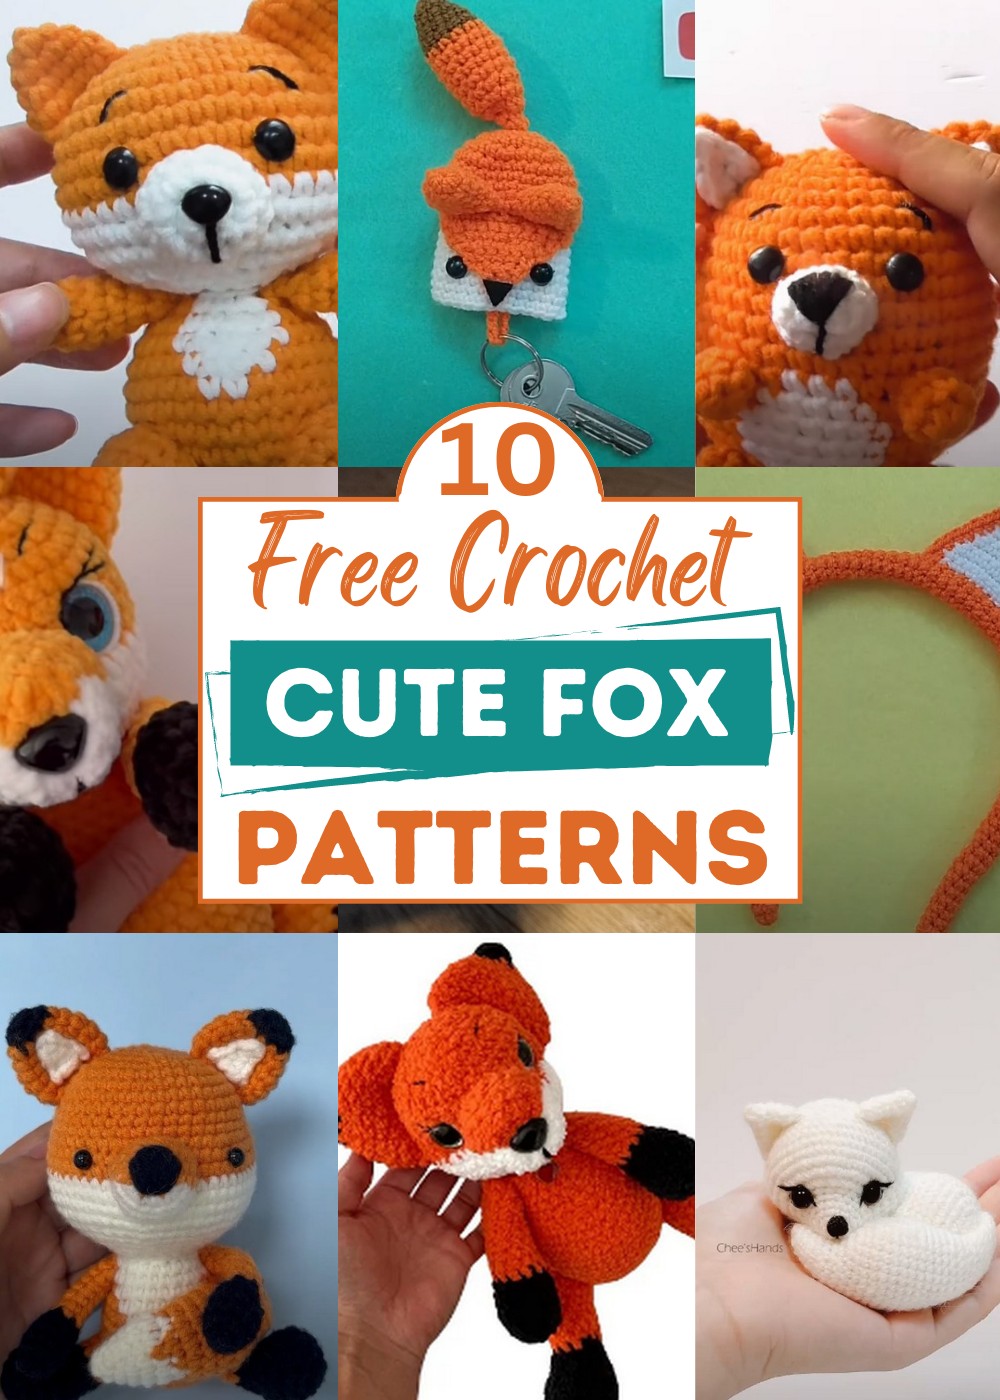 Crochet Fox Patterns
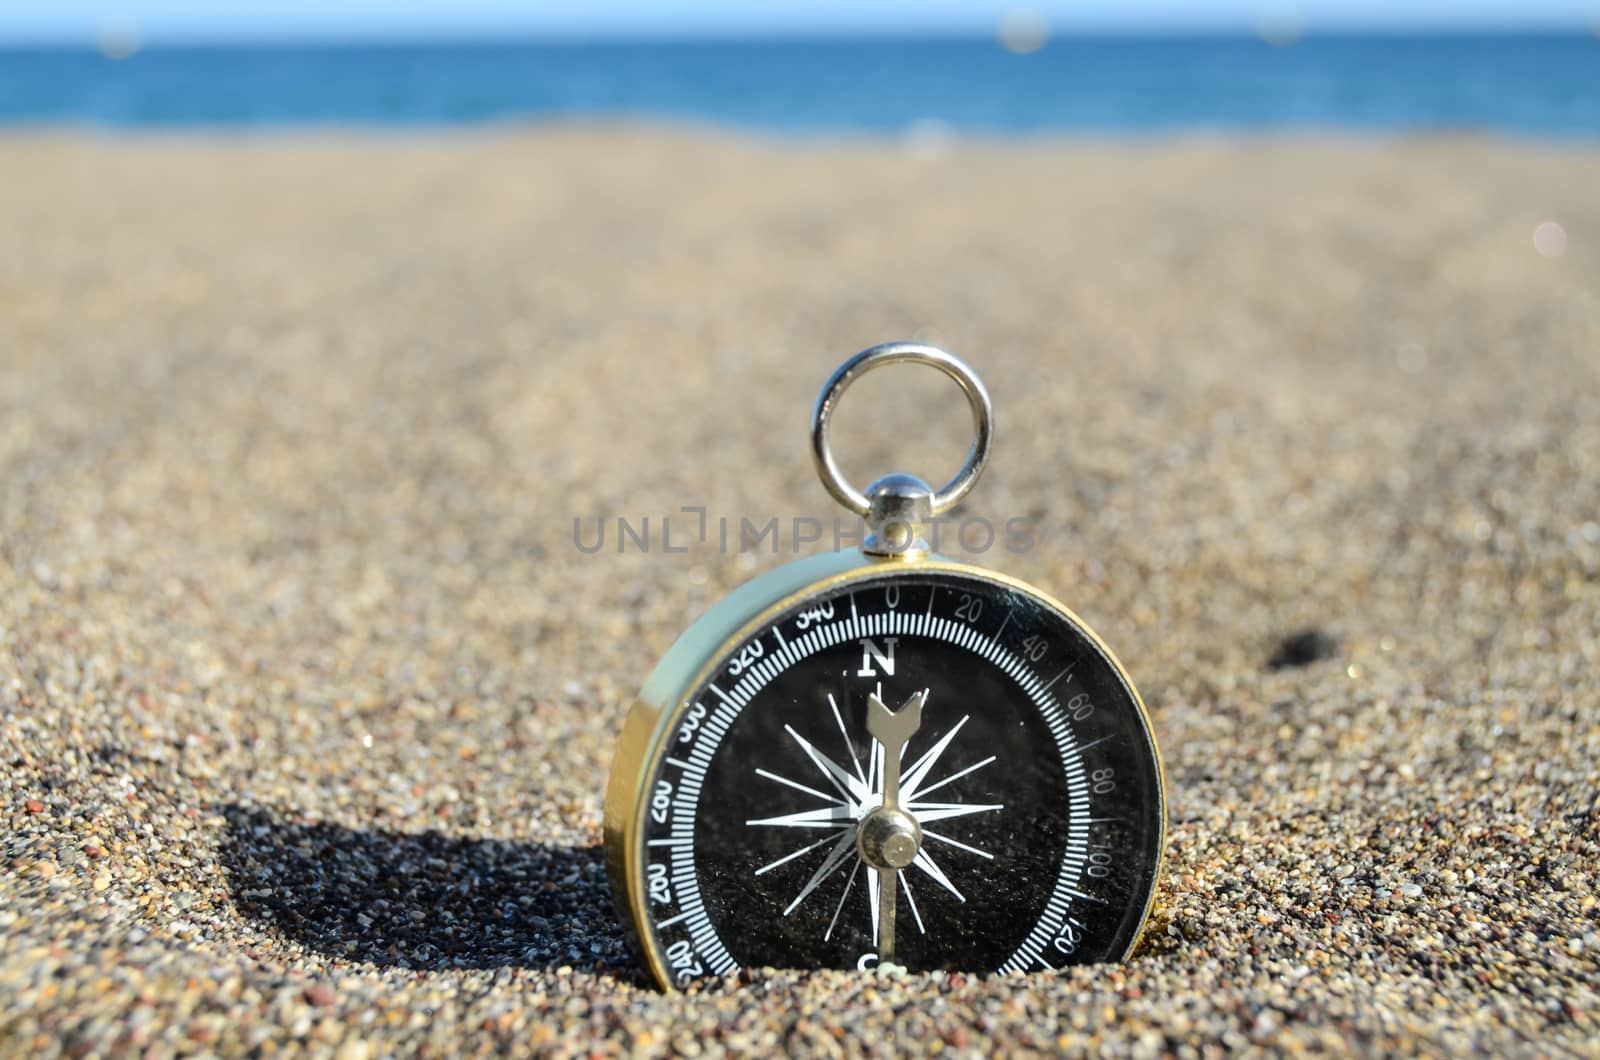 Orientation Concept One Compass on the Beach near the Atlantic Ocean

====

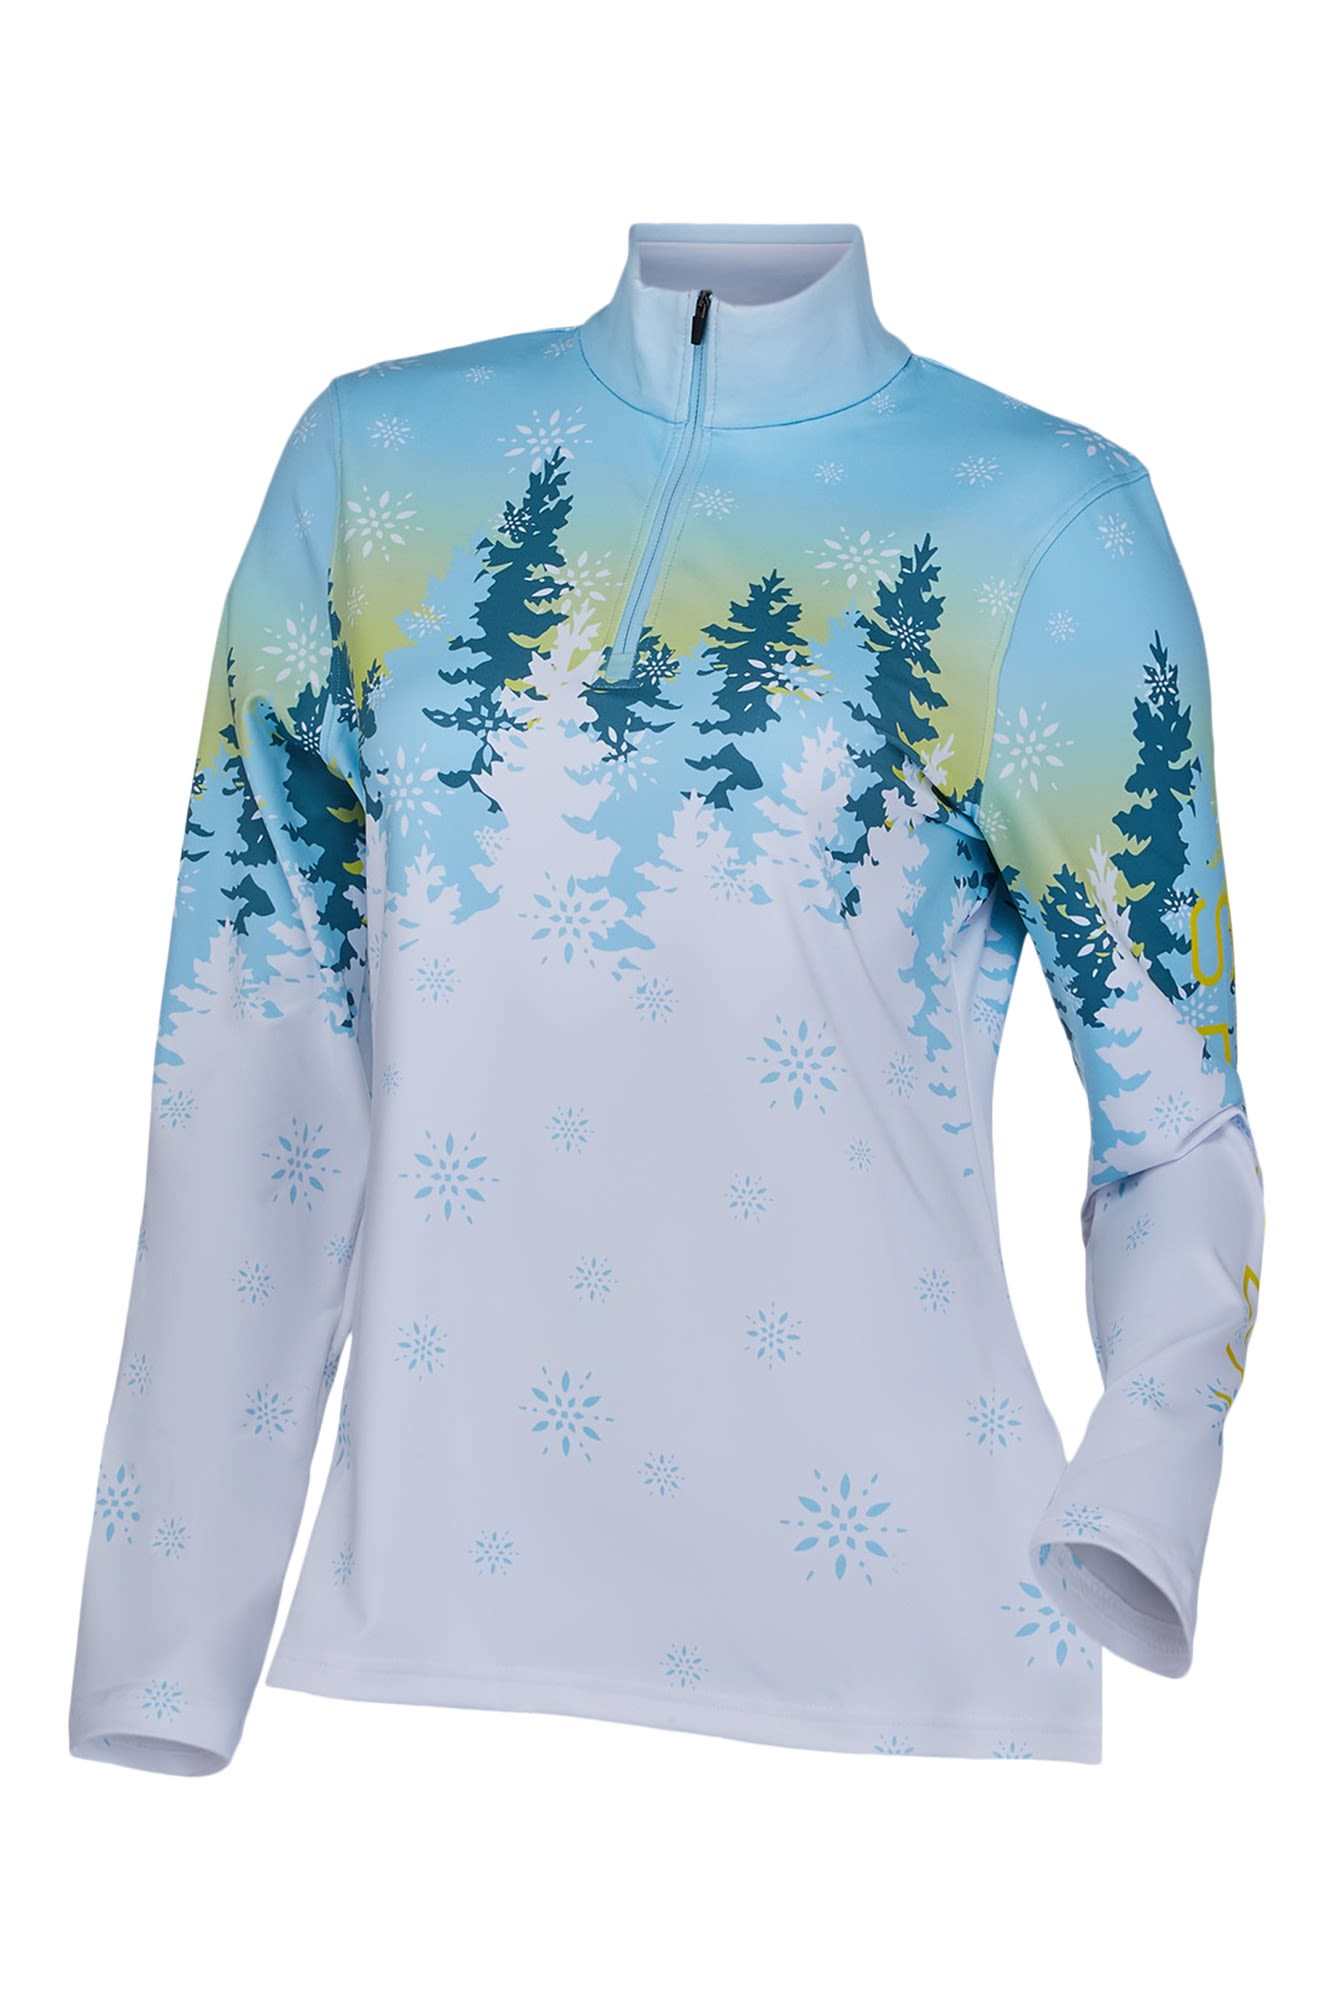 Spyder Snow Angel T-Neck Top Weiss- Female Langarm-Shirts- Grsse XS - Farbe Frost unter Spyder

====

> [TASK PROMPT] In the entries above, find the line containing "Crochet Fox Patterns" and the line containing "Orientation Concept One"; give again exactly those two lines and every line between them, minus the pictures.

> [TASK RESPONSE]
 Crochet Fox Patterns
 Orientation Concept One Compass on the Beach near the Atlantic Ocean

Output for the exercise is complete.